* Data section

▽

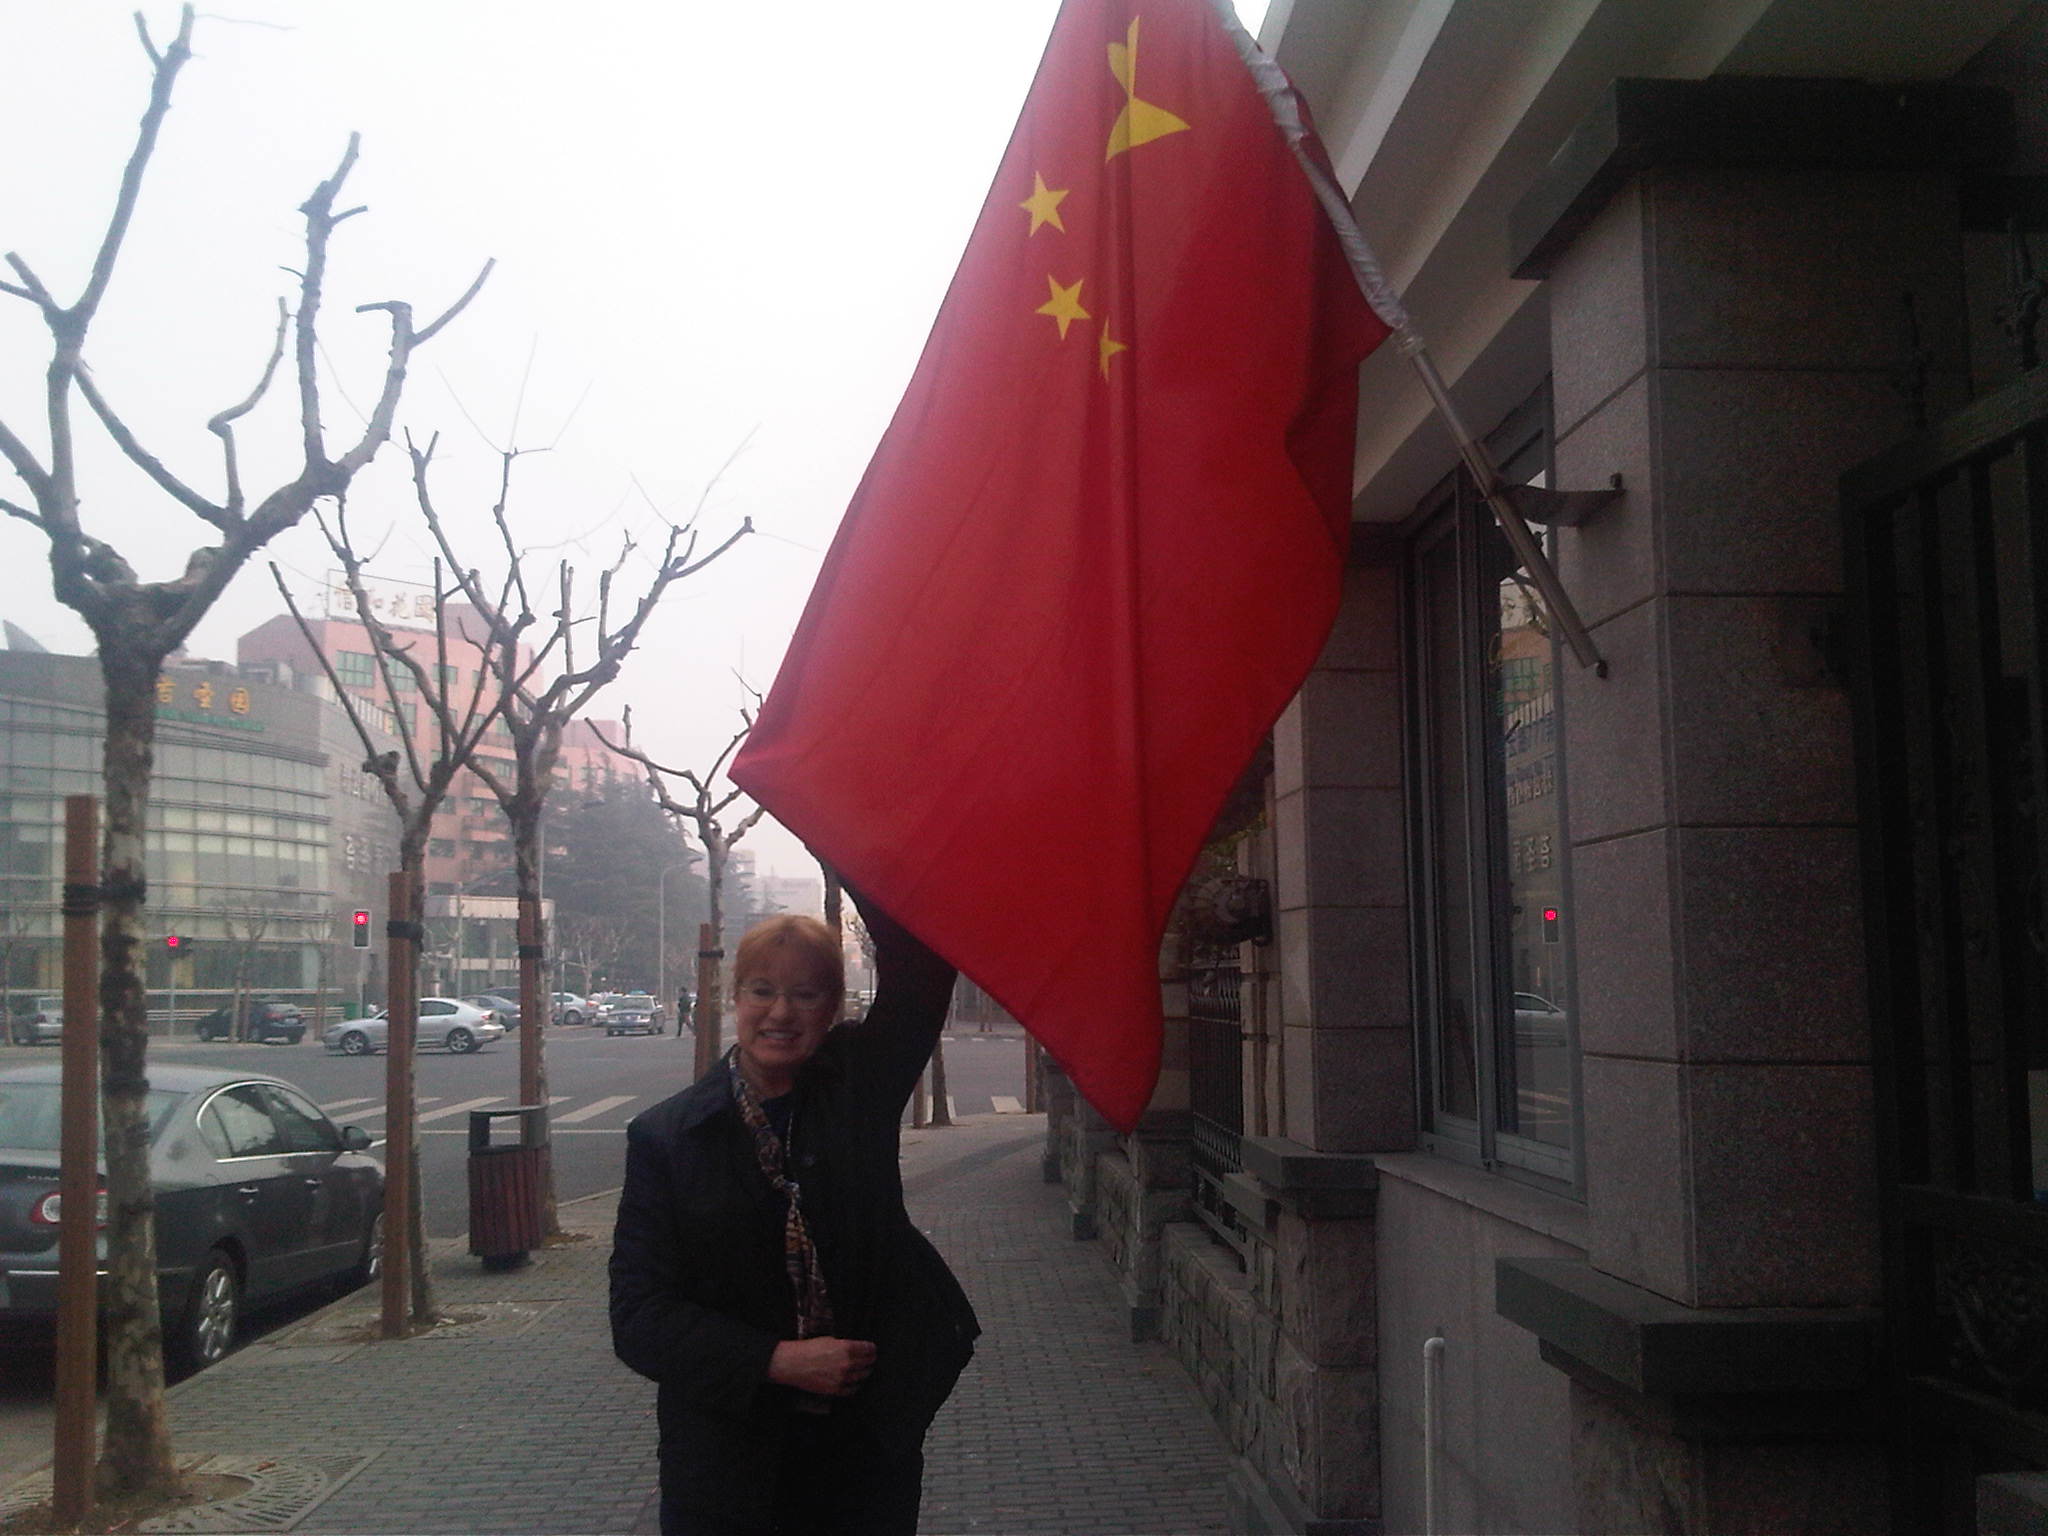 Debbie under Chinese flag
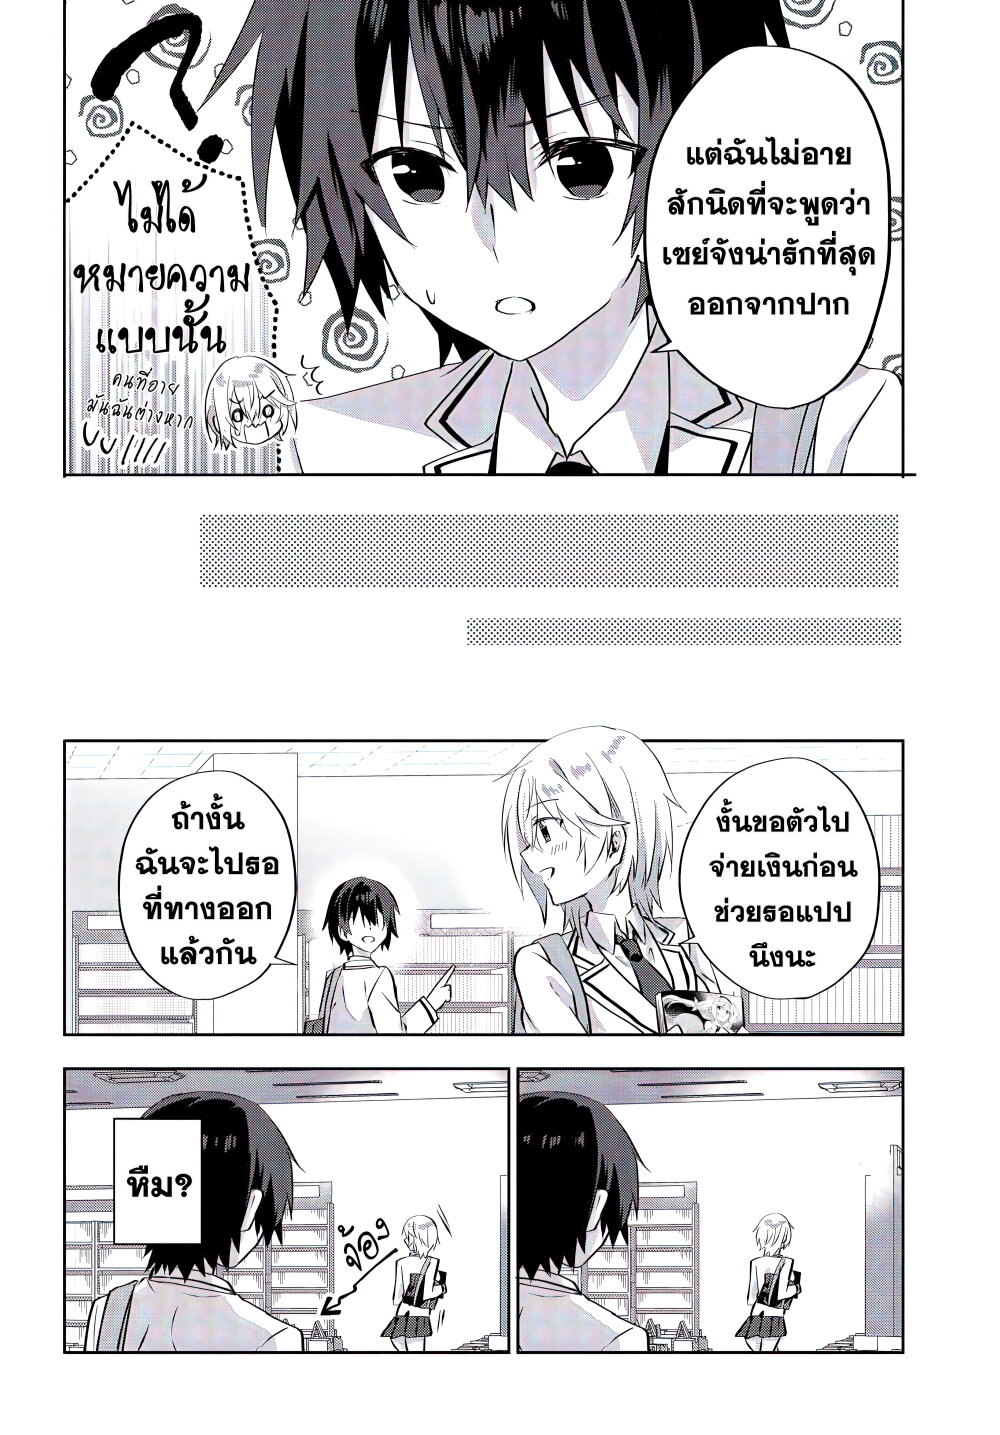 Romcom Manga ni Haitte 5.1 08
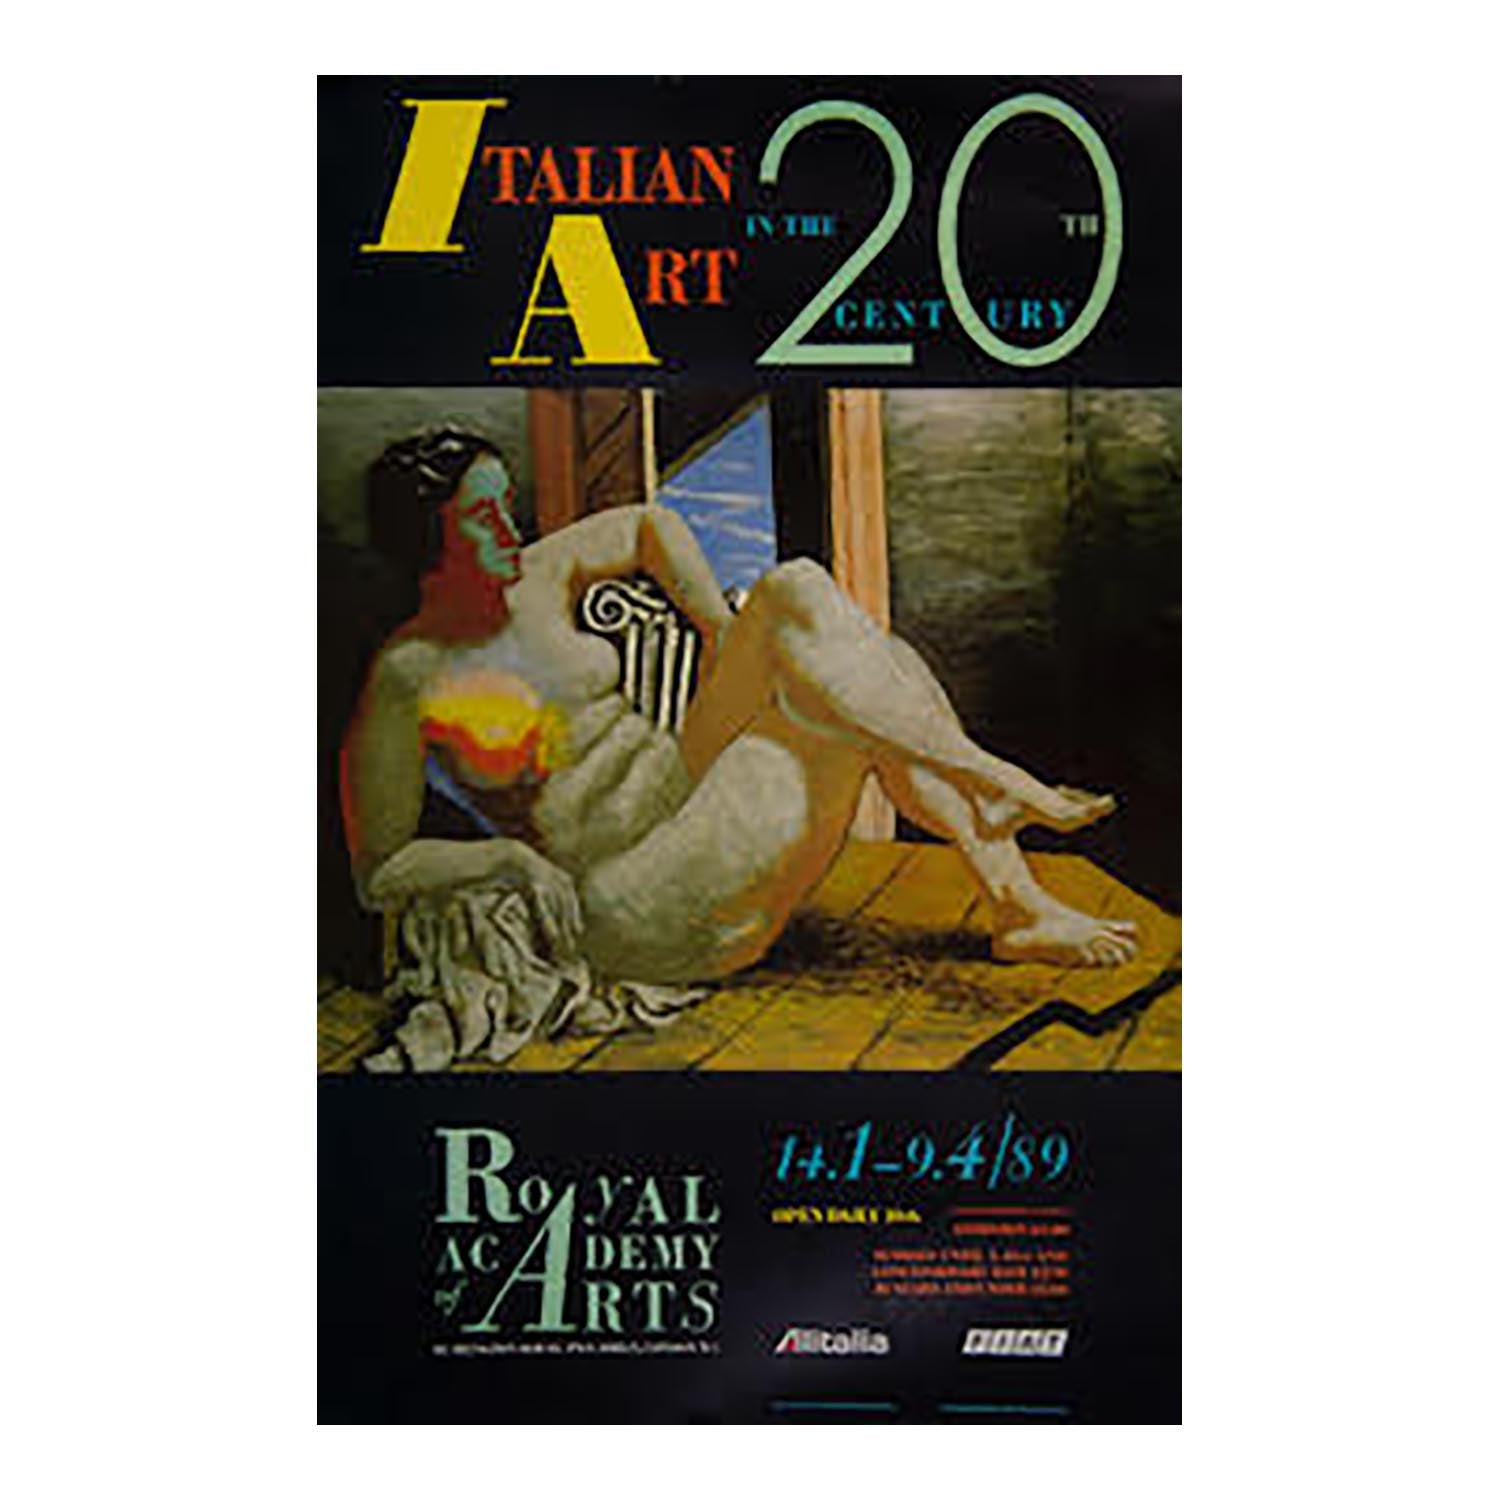 Italian Art in the C20th

△

* Your goal
Your task is to repeat the listing exactly while omitting its pictures.

* Answer to the problem
 Debbie under Chinese flag
 Romcom Manga ni Haitte 5.1 08
 Italian Art in the C20th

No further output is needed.